1917 film by Edgar Lewis

The Barrier is a lost 1917 American silent northwoods drama film directed by Edgar Lewis and starring Mabel Julienne Scott. It is based on the 1908 Rex Beach novel The Barrier.

The Beach novel was filmed again by MGM in 1926 as The Barrier starring Lionel Barrymore.

== Plot summary ==
A barrier stands between Lt. Meade Burrell and Necia, the woman he loves. That barrier is the fact that she's a "half-breed" — half-Indian and half-white, with an Indian mother and John Gale, a white trader, for a father. Although he has proposed marriage to Necia, she releases him from it when she realizes the damage that marrying a half-breed would do to him personally and professionally.

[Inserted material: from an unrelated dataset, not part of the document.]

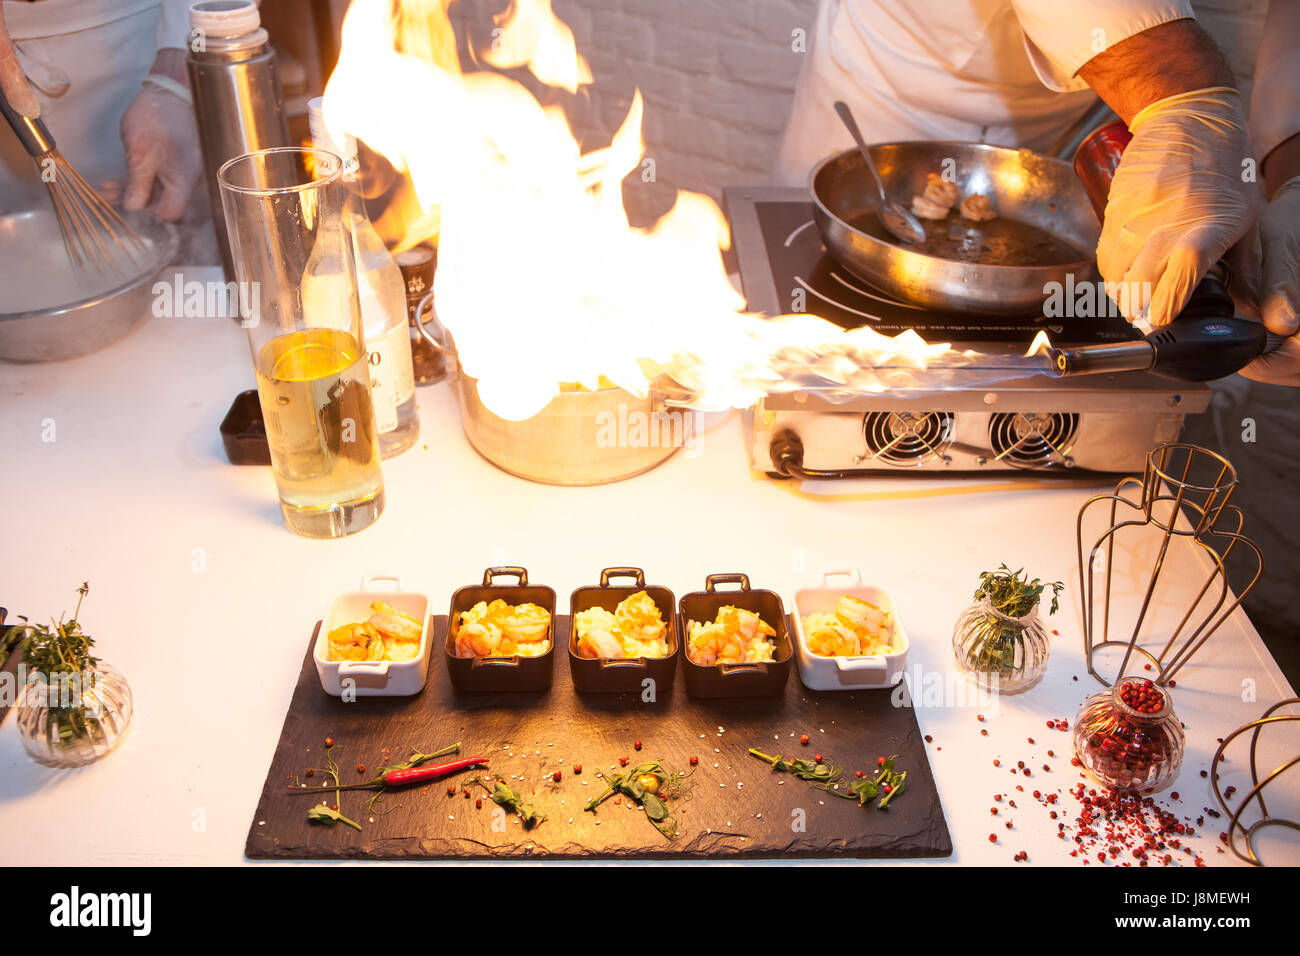 Chef avec le feu dans la cuisinière, émissions culinaires Banque D'Images

One day, a man arrives in town with information that could solve everyone's problems.

==Cast==
- Mabel Julienne Scott as Necia / Merridy
- Russell Simpson as John Gaylord / John Gale
- Howard Hall as Dan Bennett / Ben Stark
- Victor Sutherland as Lt. Meade Burrell
- Mitchell Lewis as Poleon Doret
- Edward Roseman as Runnion
- W. J. Gross as "No Creek" Lee
- Mary Carr as Alluna (credited as Mary Kennevan Carr)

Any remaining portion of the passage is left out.